White paper reveals pathway for digital therapeutics use in Italy

doctor is sending  result of medical test to patient on tablet computer

A white paper has outlined a pathway that could allow Italy to realise the potential of digital therapeutics (DTx).

The official journal of the Smith Kline Foundation, Tendenze Nuove, has published the paper entitled “Digital Therapeutics, an Opportunity for Italy” earlier this month.

The book features insights and recommendations from 40 leading experts in the field, who hope that Italy will begin to follow in the footsteps of early adopters of digital therapeutics  such as Germany, France and the US.

The experts were also involved in the “Digital Therapeutics for Italy - #DTxITA”, established in 2019 to encourage the implementation of DTx in Italian institutions and healthcare systems.

Healthware Group, an international integrated consulting group also based in Italy, contributed to the white paper.

CEO and founder Roberto Ascione noted that Italy could follow the example of Germany, which has taken steps to reimburse DTx at a national level.

He said: “As recommended in the white paper, the structure implemented by Germany could represent a valid and useful reference for Italy to deploy in order to facilitate and encourage the access to digital therapies.

“Regarding the reimbursement procedures and their inclusion in the national system formulary, we suggest to establish a dedicated Commission at the General Directorate for Medical Devices and the Pharmaceutical Service of the Ministry of Health, for the evaluation and negotiation of DTx.”

Giuseppe Recchia, director of Tendenze Nuove and promoter of the project said several steps must be taken to integrate DTx into Italy’s healthcare system.

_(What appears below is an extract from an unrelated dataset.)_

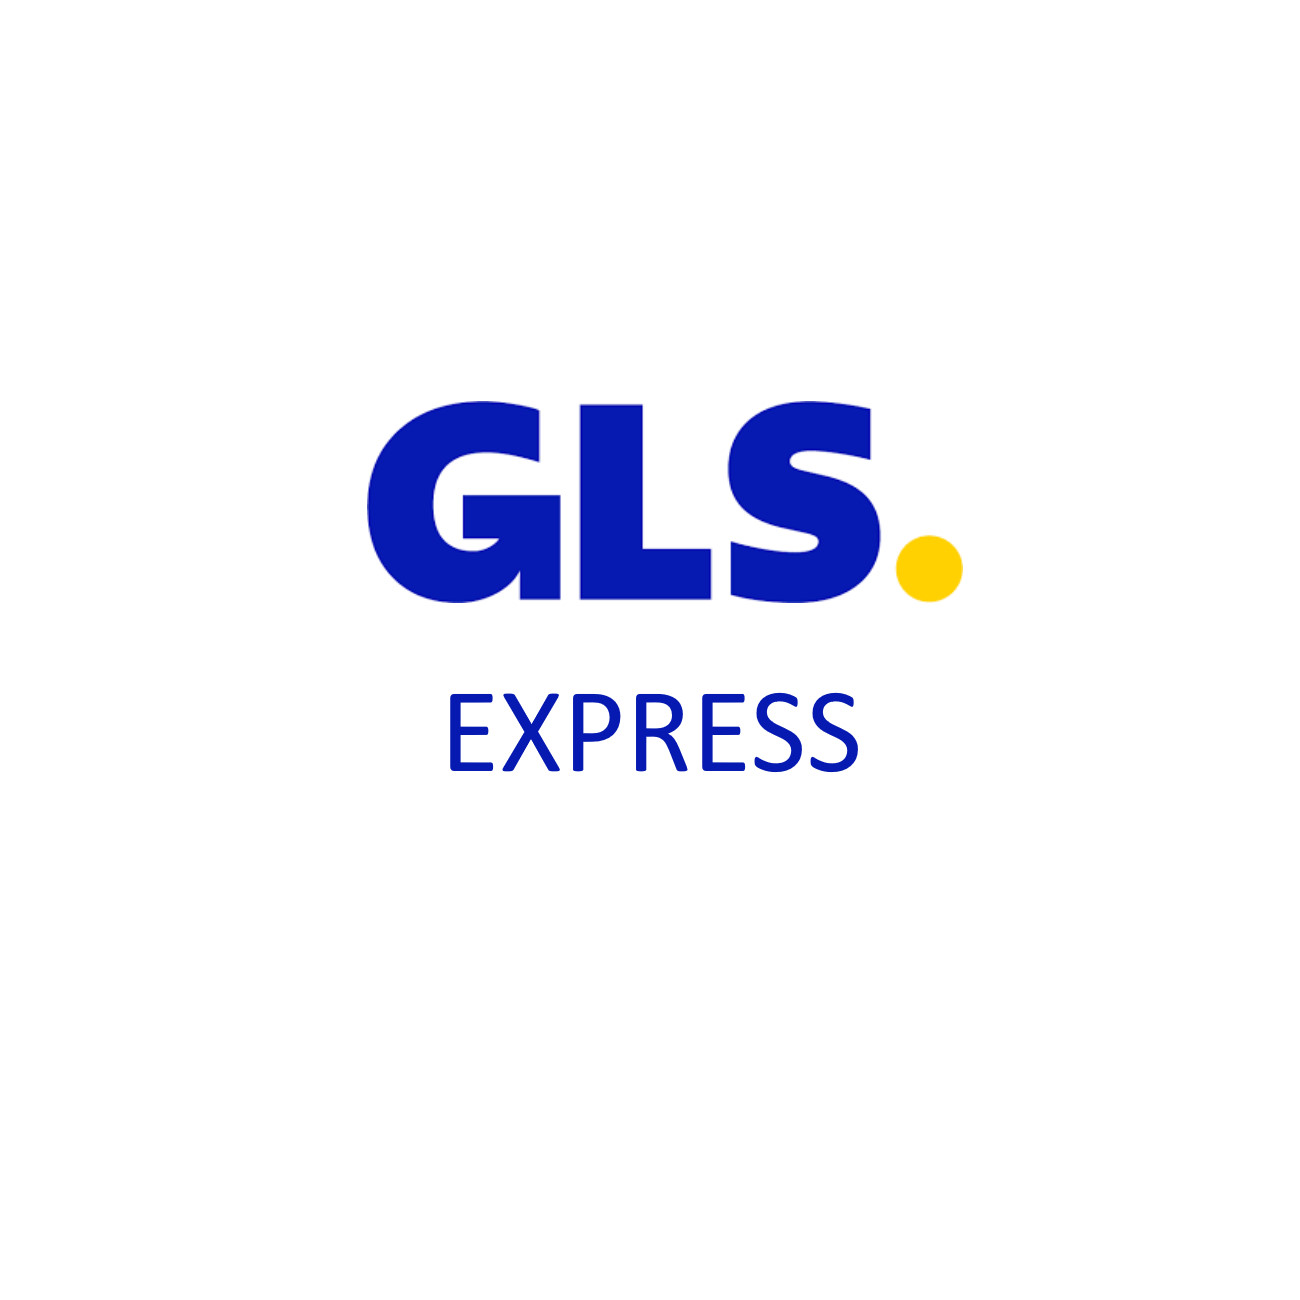 Versand per Express - nächster Werktag bis 12.00 Uhr

There needs to be widespread information available to the general public, training for professionals and patients and targeted communications to health and political institutions.

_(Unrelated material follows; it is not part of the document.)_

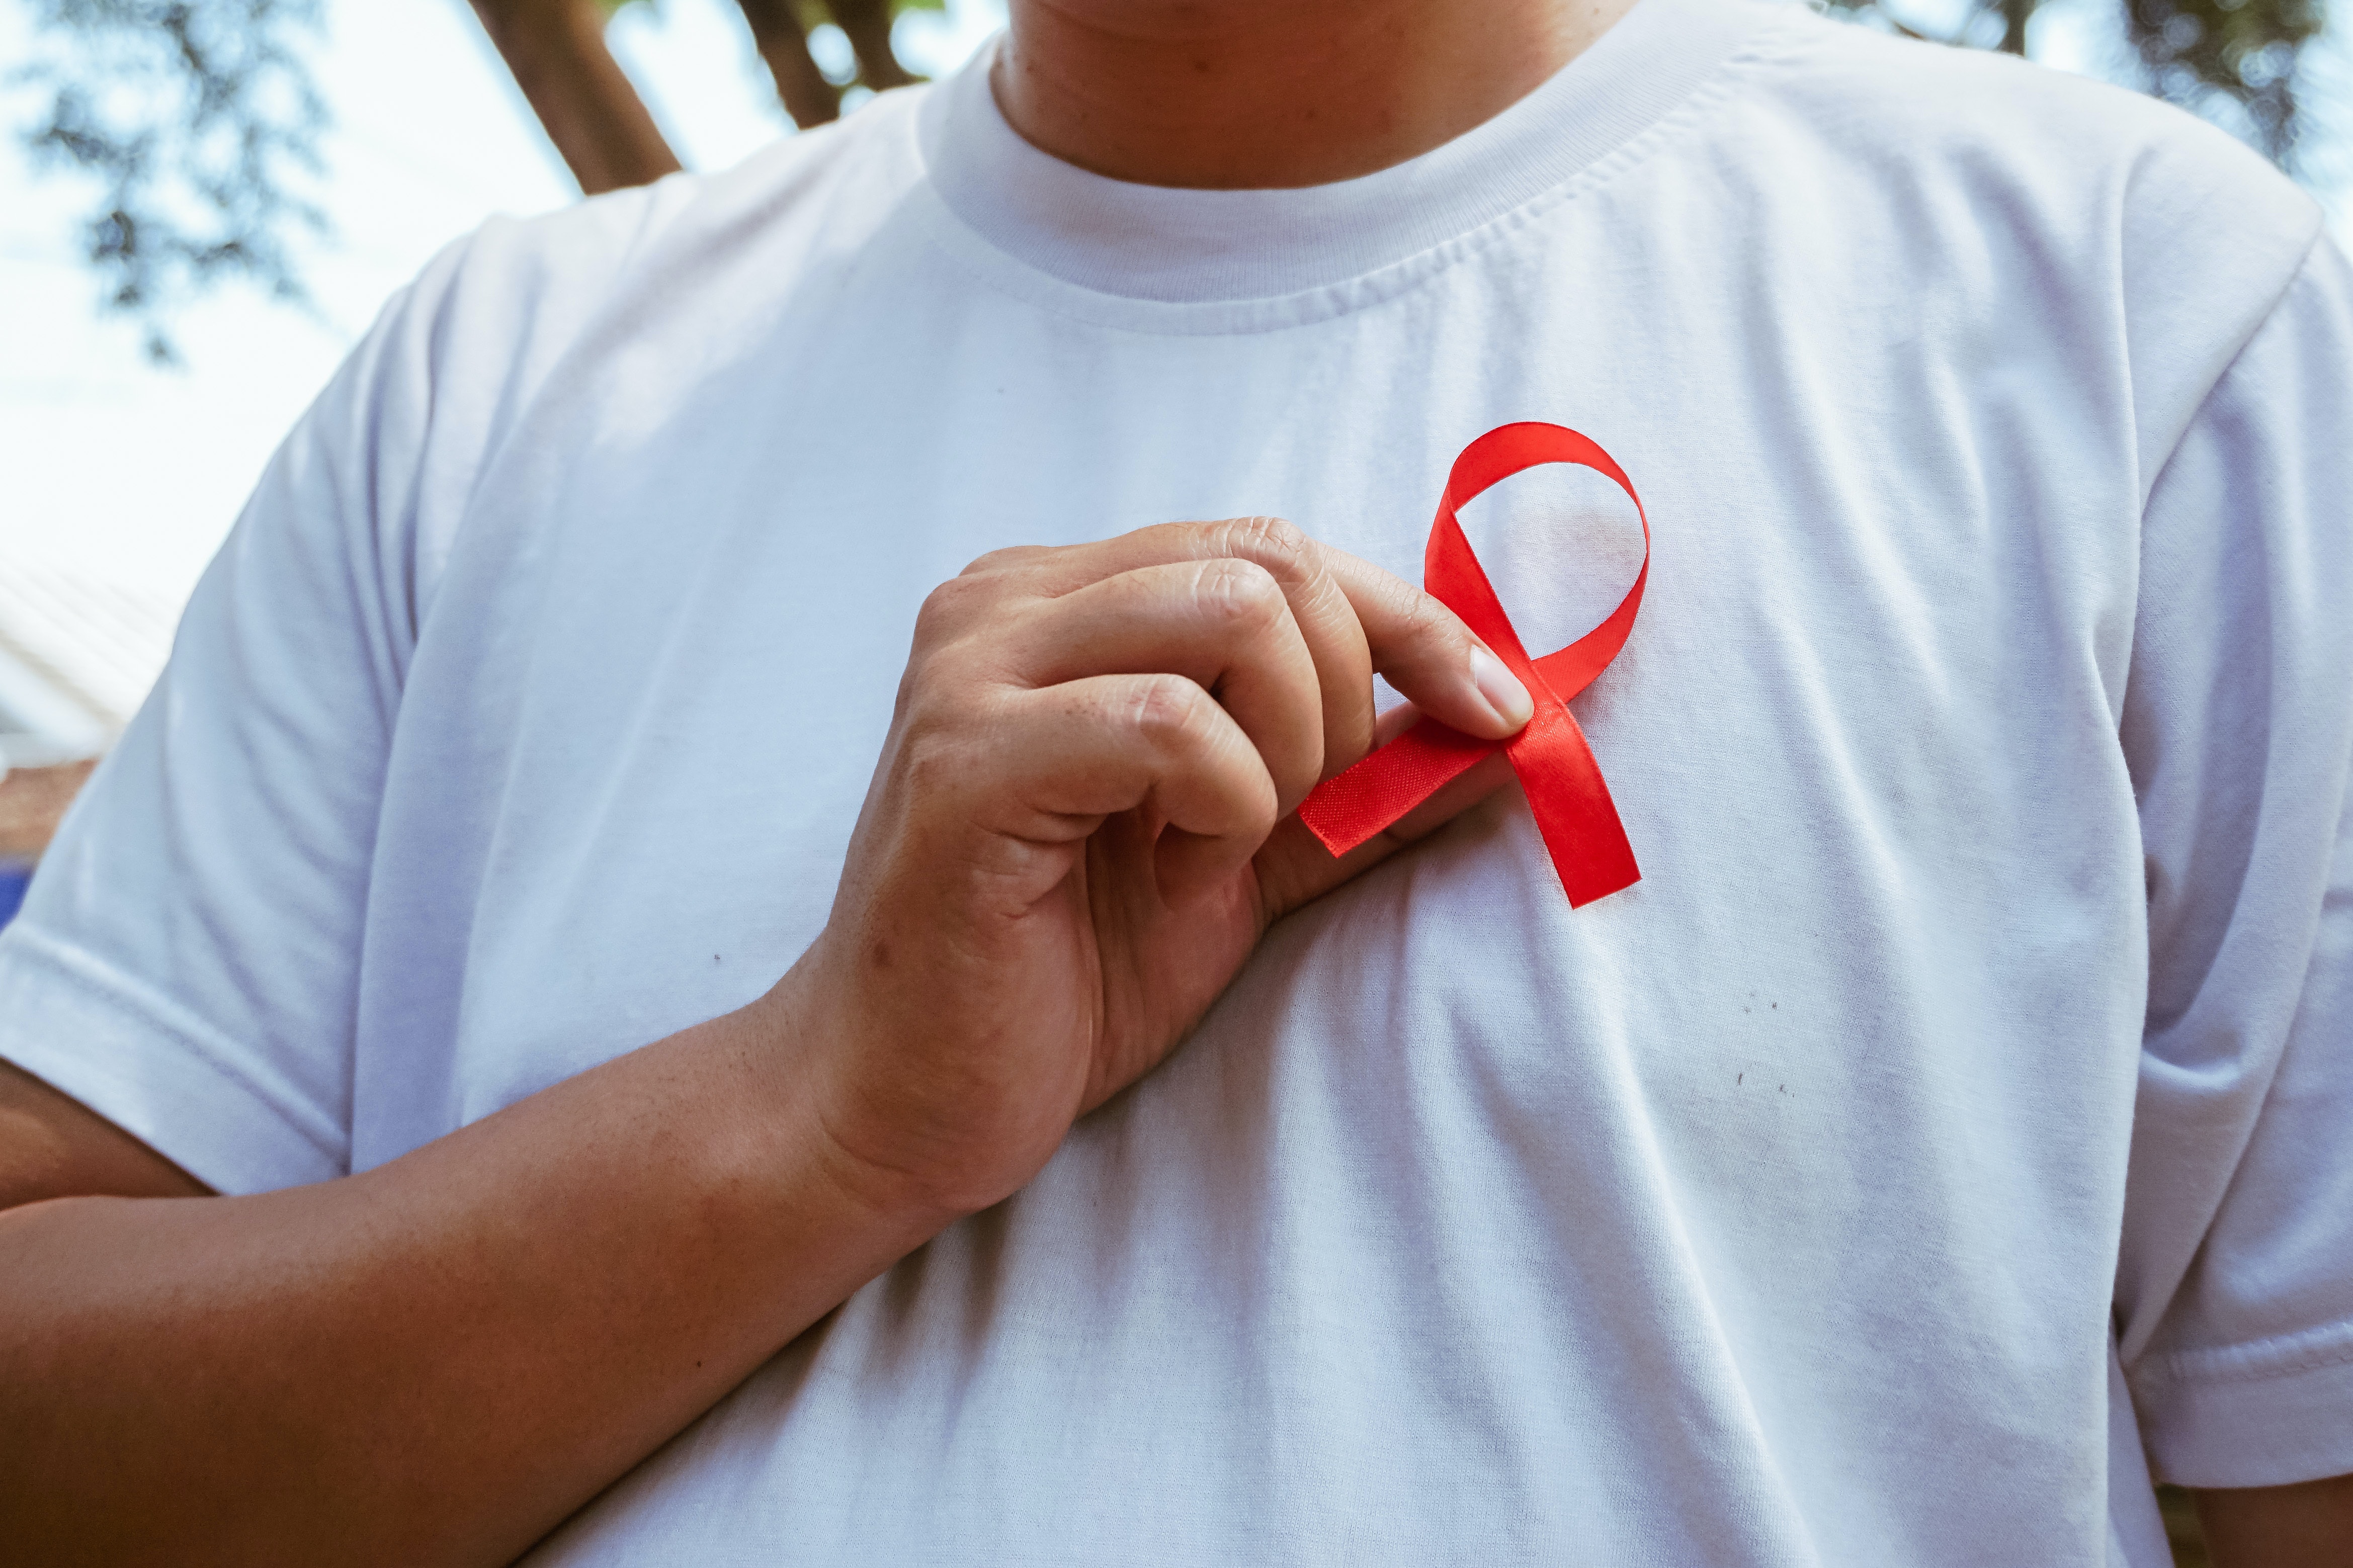 Suurbritannias kiideti äsja heaks revolutsiooniline uus HIV-ravi

Several vertical projects should address specific issues, such as the creation of a national observatory of digital medicine and decentralised clinical trials.

There needs to be more interest from innovative companies and research and clinical trials to ensure DTx have credibility with doctors and clinicians, he added.

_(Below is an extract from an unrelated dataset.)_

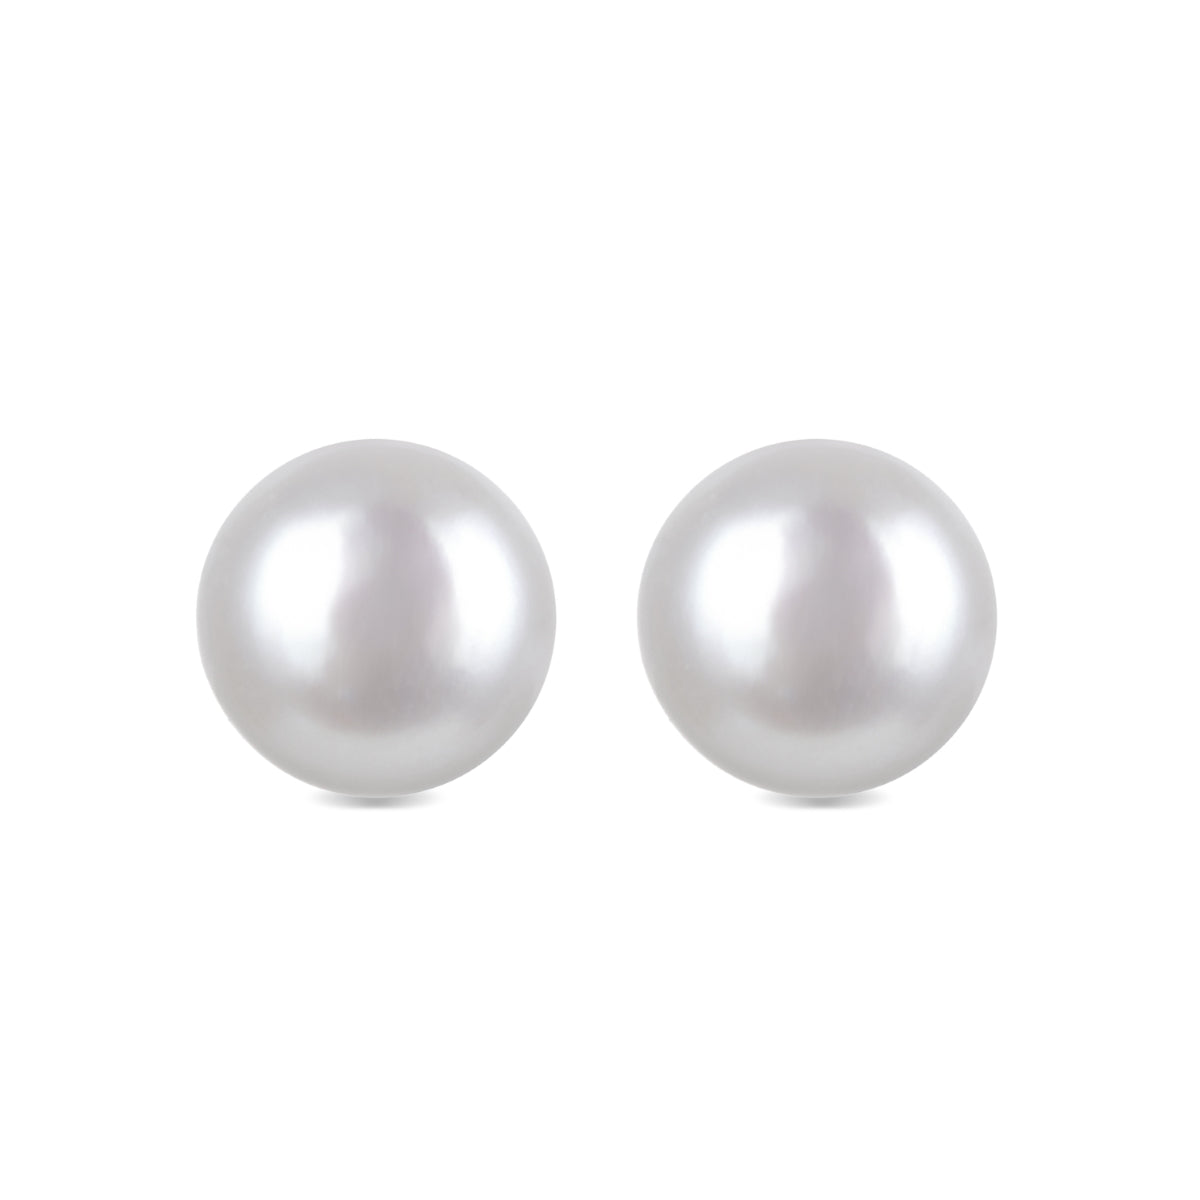 Basic 925 Sterling Silver Earrings

“At European level, EMA has an important role in facilitating the appropriate recognition of DTx and introducing a seal of recognition that indicates the DTx products has an effect recognised by EMA may be an important first step.

“The Ministry of Health has an equally important role, ensuring the reimbursement of prescription digital therapeutics that meet the quality criteria defined in the documents we have published.

“We believe that without reimbursement there is no equity of access to digital therapies and no real place for digital therapies in medical practice.”